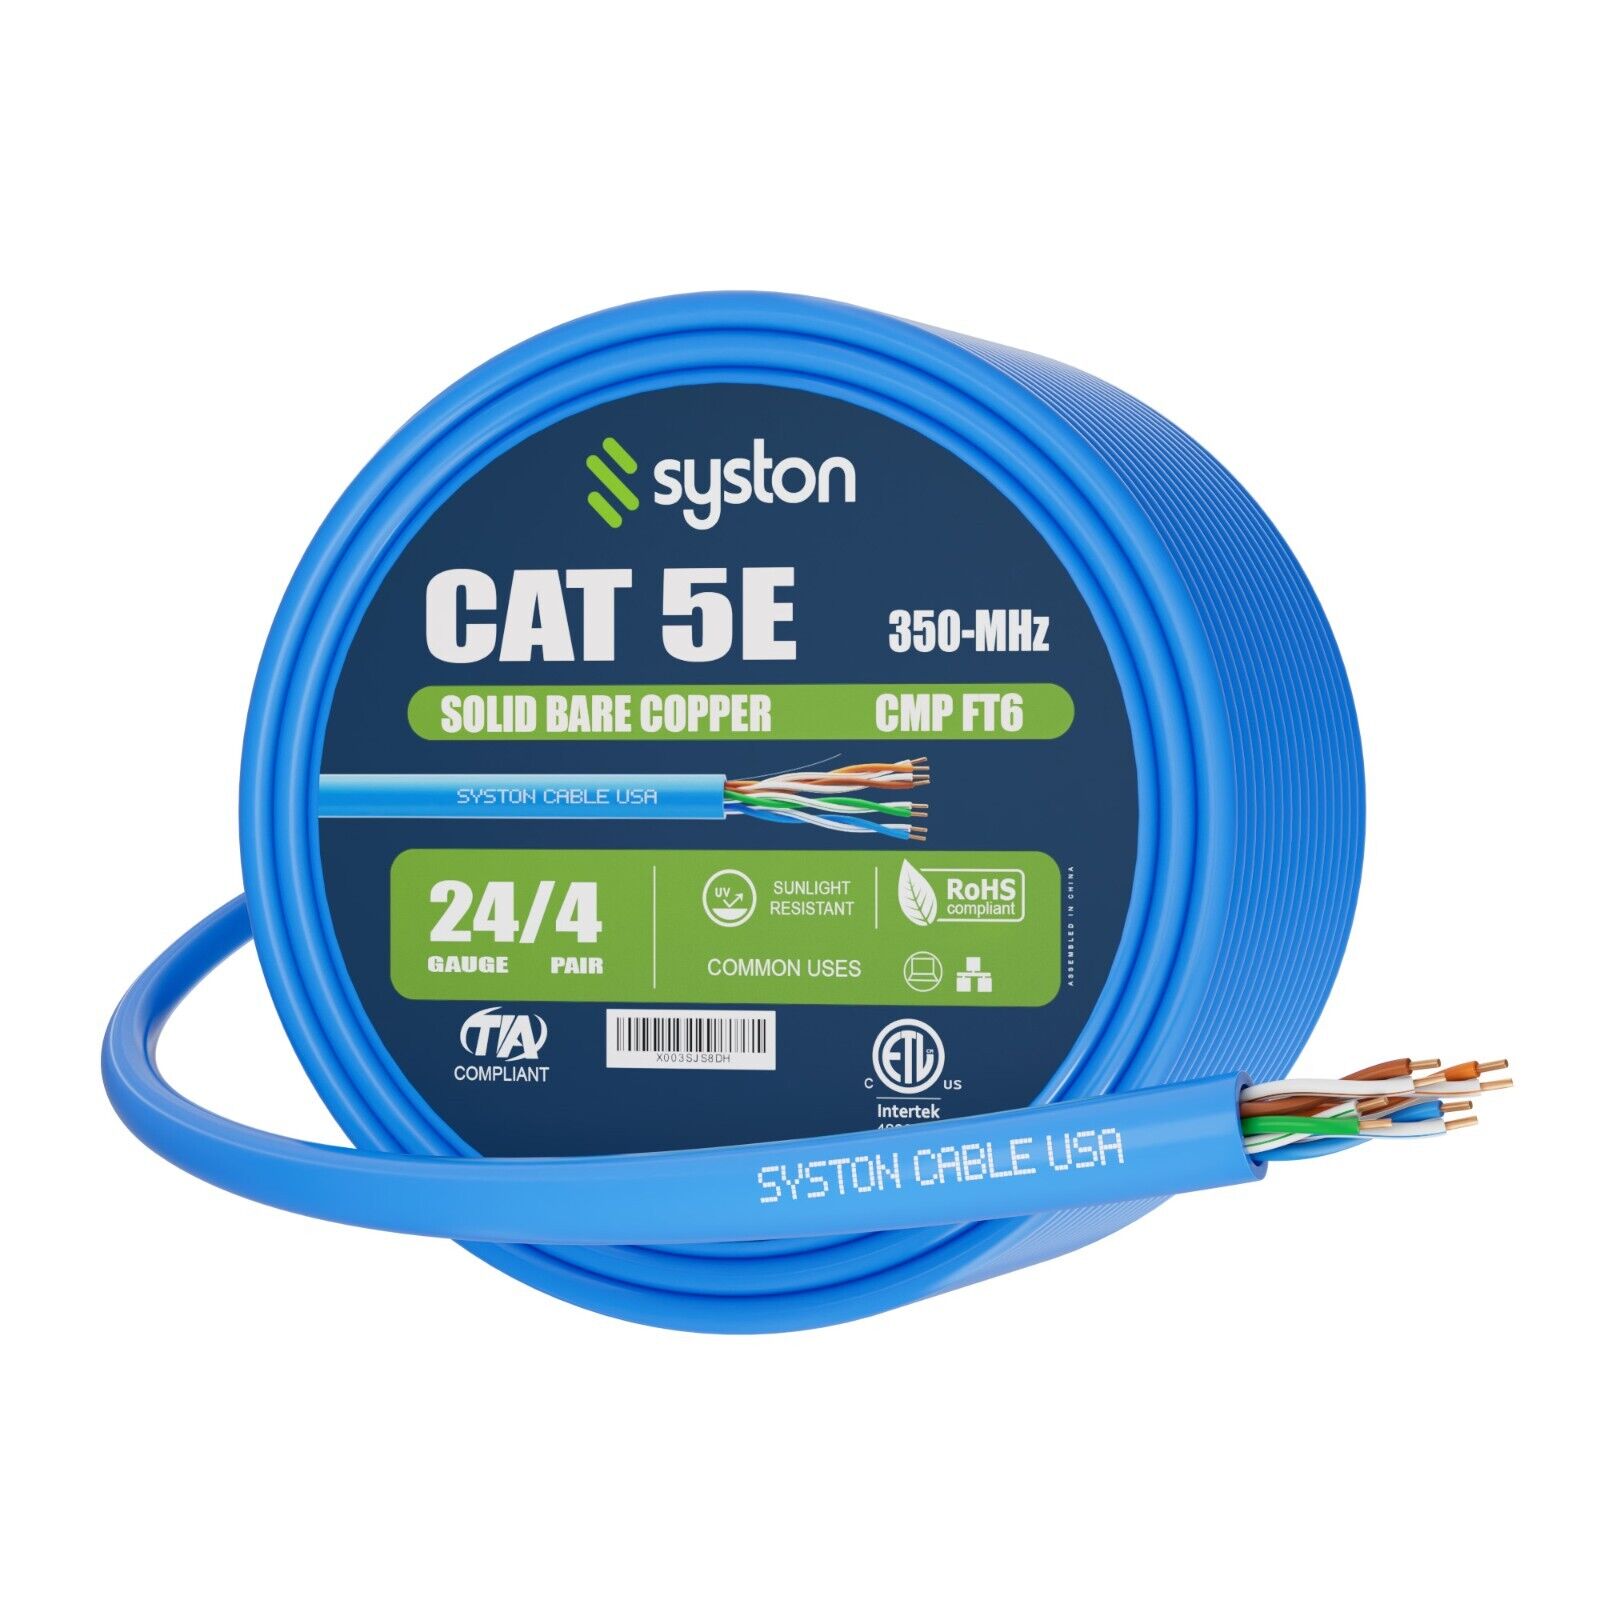 Syston Cat 5e Ethernet Network Cable 350MHz 24AWG UTP Solid Copper Wire-CMP Bulk
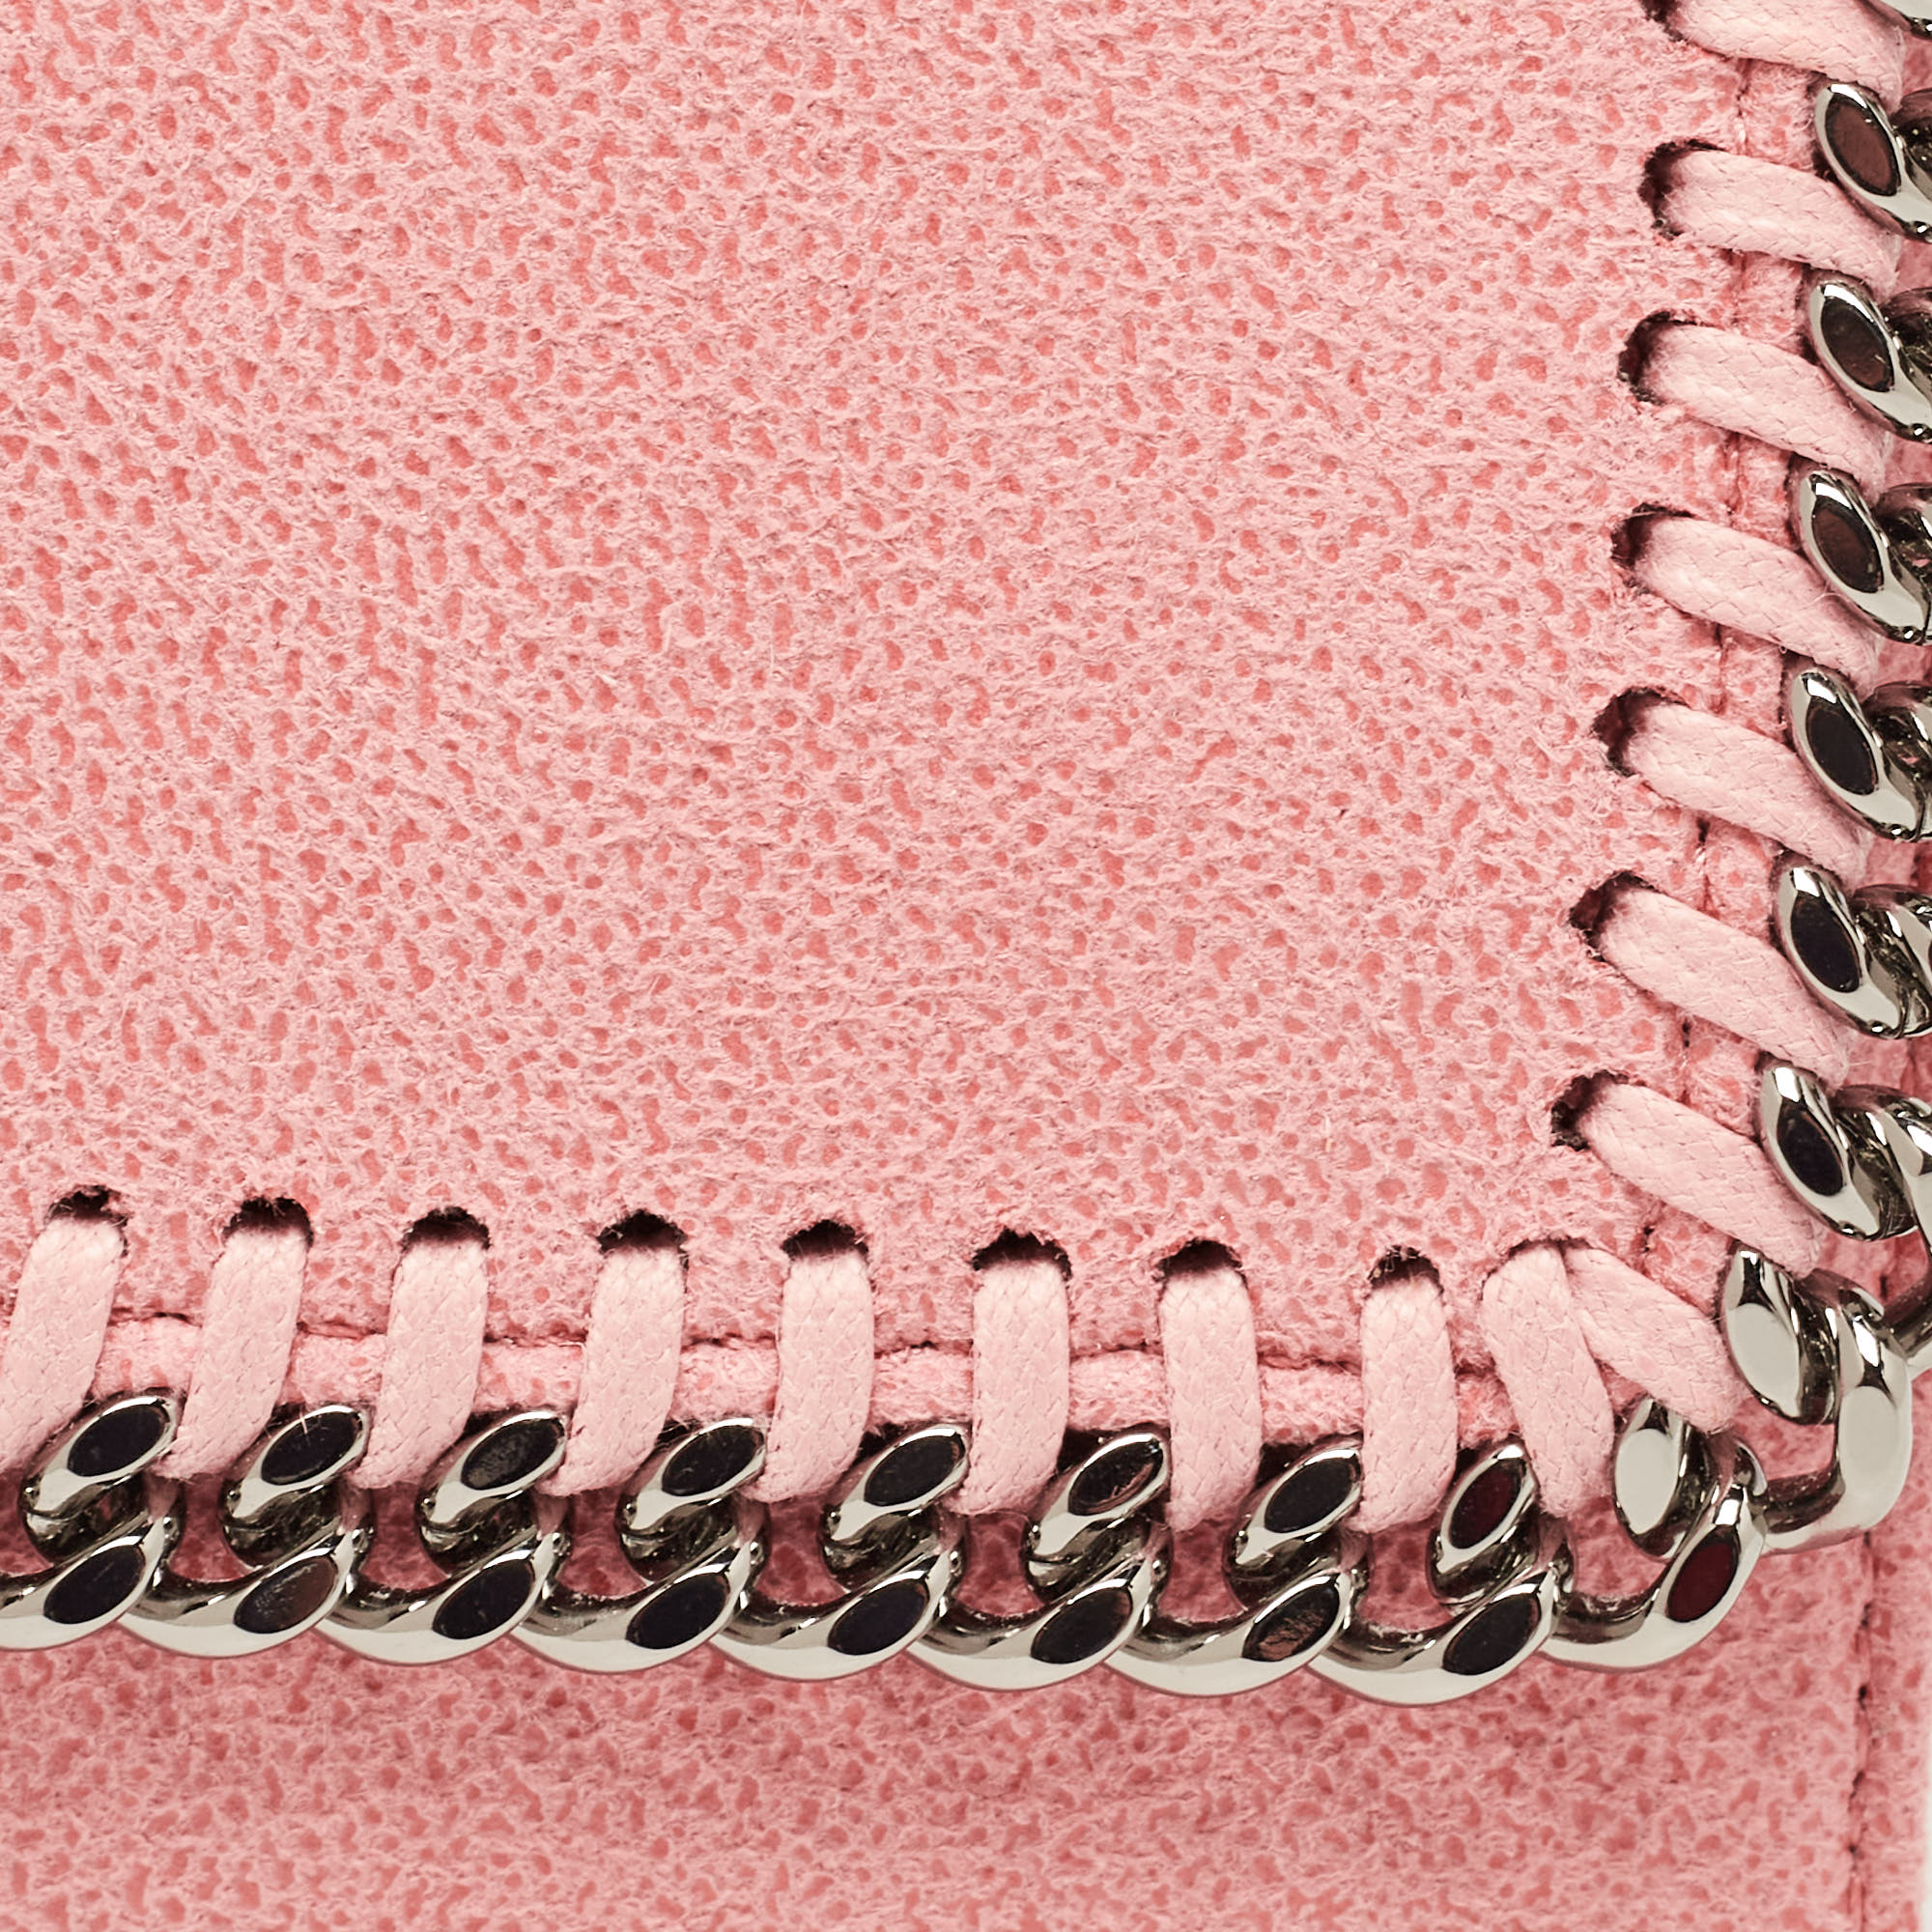 Stella McCartney Pink Faux Leather Falabella Compact Wallet
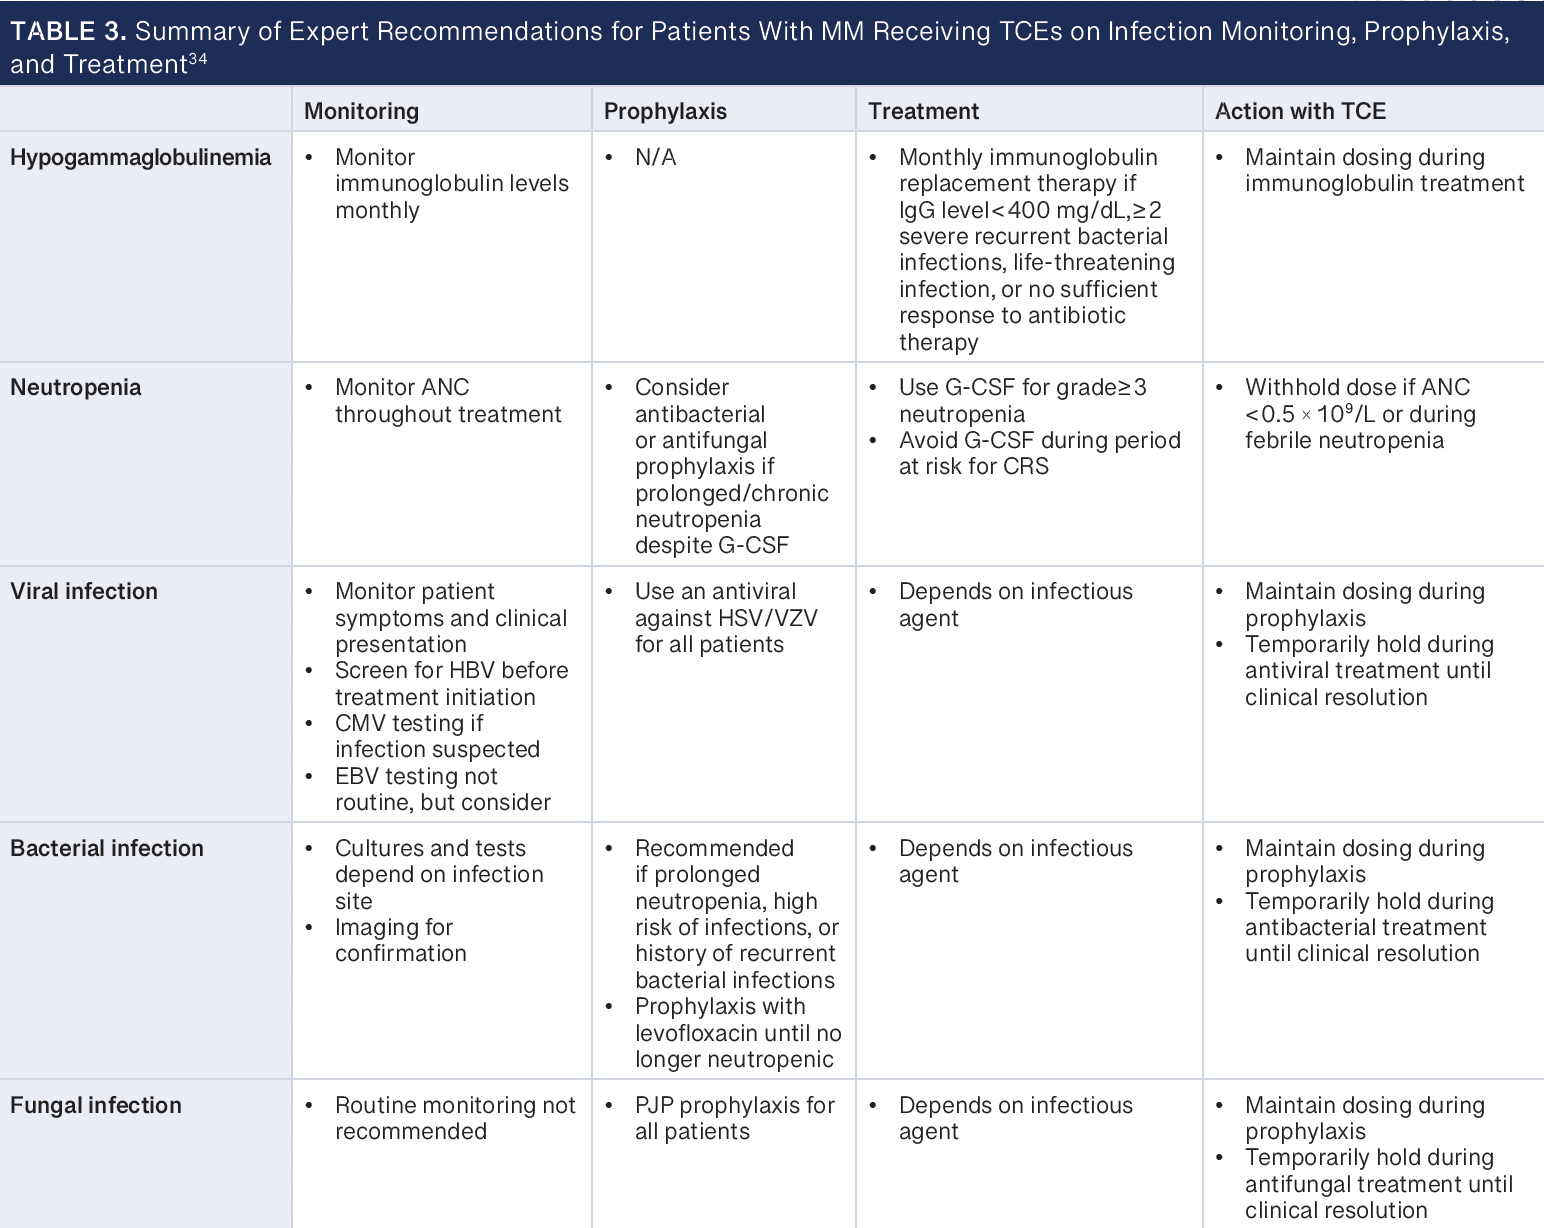 TABLE 3: Summary of Expert Recommendations for Patients With MM Receiving TCEs on Infection Monitoring, Prophylaxis, and Treatment -- ANC, absolute neutrophil count; CMV, cytomegalovirus; CRS, cytokine release syndrome; EBV, Epstein-Barr virus; G-CSF, granulocyte colony-stimulating factor; HBV, hepatitis B virus; HSV, herpes simplex virus; MM, multiple myeloma; N/A, not applicable; PJP, Pneumocystis jirovecii pneumonia; TCE, T-cell engager; VZV, varicella-zoster virus.

Instructions for the task — Please print the data above once more, exactly and without images.

Exercise response —
 Syston Cat 5e Ethernet Network Cable 350MHz 24AWG UTP Solid Copper Wire-CMP Bulk
 Stella McCartney Pink Faux Leather Falabella Compact Wallet
 TABLE 3: Summary of Expert Recommendations for Patients With MM Receiving TCEs on Infection Monitoring, Prophylaxis, and Treatment -- ANC, absolute neutrophil count; CMV, cytomegalovirus; CRS, cytokine release syndrome; EBV, Epstein-Barr virus; G-CSF, granulocyte colony-stimulating factor; HBV, hepatitis B virus; HSV, herpes simplex virus; MM, multiple myeloma; N/A, not applicable; PJP, Pneumocystis jirovecii pneumonia; TCE, T-cell engager; VZV, varicella-zoster virus.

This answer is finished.